Minggu, 04 Februari 2007

· Hentikan Tindak Kekerasan terhadap Anak

· Anak yang dibesarkan dari berbagai konflik biasanya akan lebih agresif dalam artian negatif.

  • · Mereka sering bertindak brutal dan kurang mampu mengendalikan diri dengan baik. Hal ini tentunya berbeda dengan anak-anak yang dibesarkan dalam situasi yang aman dan jauh dari konflik
  • Tidak kekerasan terhadap anak tampaknya tidak ada habisnya. Baru-baru ini seorang anak di Malang Jawa Timur, disiram air panas oleh ibunya sendiri. Alasannya cukup sepela, sang anak sering buang air besar disembarang tempat dan membuat marah sang ibu. Kasus tersebut tampaknya menambah deretan kasus kekerasan terhadap anak yang terbongkar.
  • Kekerasan terhadap anak pun kian tahun kian meningkat. Data menunjukkan, pada tahun 2003 tindak kekerasan terhadap anak mencapai 481 kasus. Tahun 2004 meningkat 547 kasus dengan rincian 221 kasus kekerasan seksual, 140 kekerasan fisik, 80 kekerasan psikis dan 106 kasus lainnya.
  • Pada tahun 2005, jumlahnya meningkat lagi menjadi 766 kasus, dengan rincian 327 kasus kekerasan seksual, 233 kasus kekerasan fisik, 176 kekerasan psikis dan 130 kasus lainnya. Sedangkan pada semester pertama tahun 2006 terdapat 460 kasus.
  • Child abuse merupakan bentuk perlakuan kekerasan terhadap anak-anak. Terry E. Lawson, psikiater internasional yang merumuskan definisi tentang kekerasan terhadap anak, menyebut ada empat macam abuse, yaitu emotional abuse, verbal abuse, physical abuse, dan sexual abuse.
  • Emotional abuse terjadi ketika orang tua/pengasuh dan pelindung anak setelah mengetahui anaknya meminta perhatian, mengabaikan anak itu. Ia membiarkan anak basah atau lapar karena ibu terlalu sibuk atau tidak ingin diganggu pada waktu itu.
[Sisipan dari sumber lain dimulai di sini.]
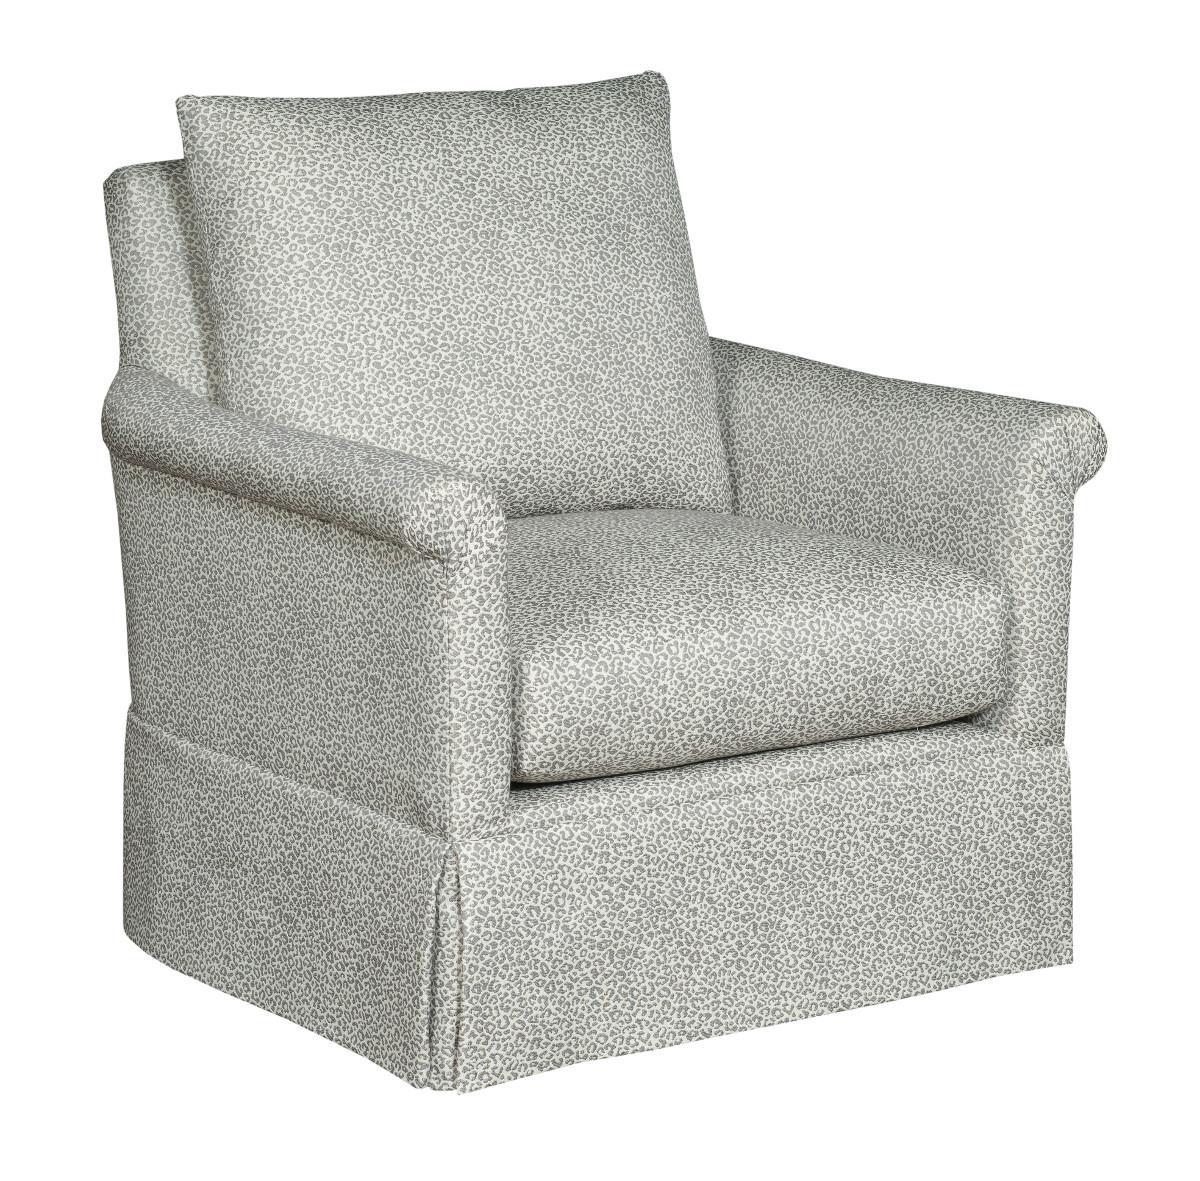 Kincaid Furniture Modern Select Chair - Item Number: X12-84-MalindiCharcoal

Ia boleh jadi mengabaikan kebutuhan anak untuk dipeluk atau dilindungi. Anak akan mengingat semua kekerasan emosional jika kekerasan emosional itu berlangsung konsisten. Orang tua yang secara emosional berlaku keji pada anaknya akan terus-menerus melakukan hal sama sepanjang kehidupan anak itu.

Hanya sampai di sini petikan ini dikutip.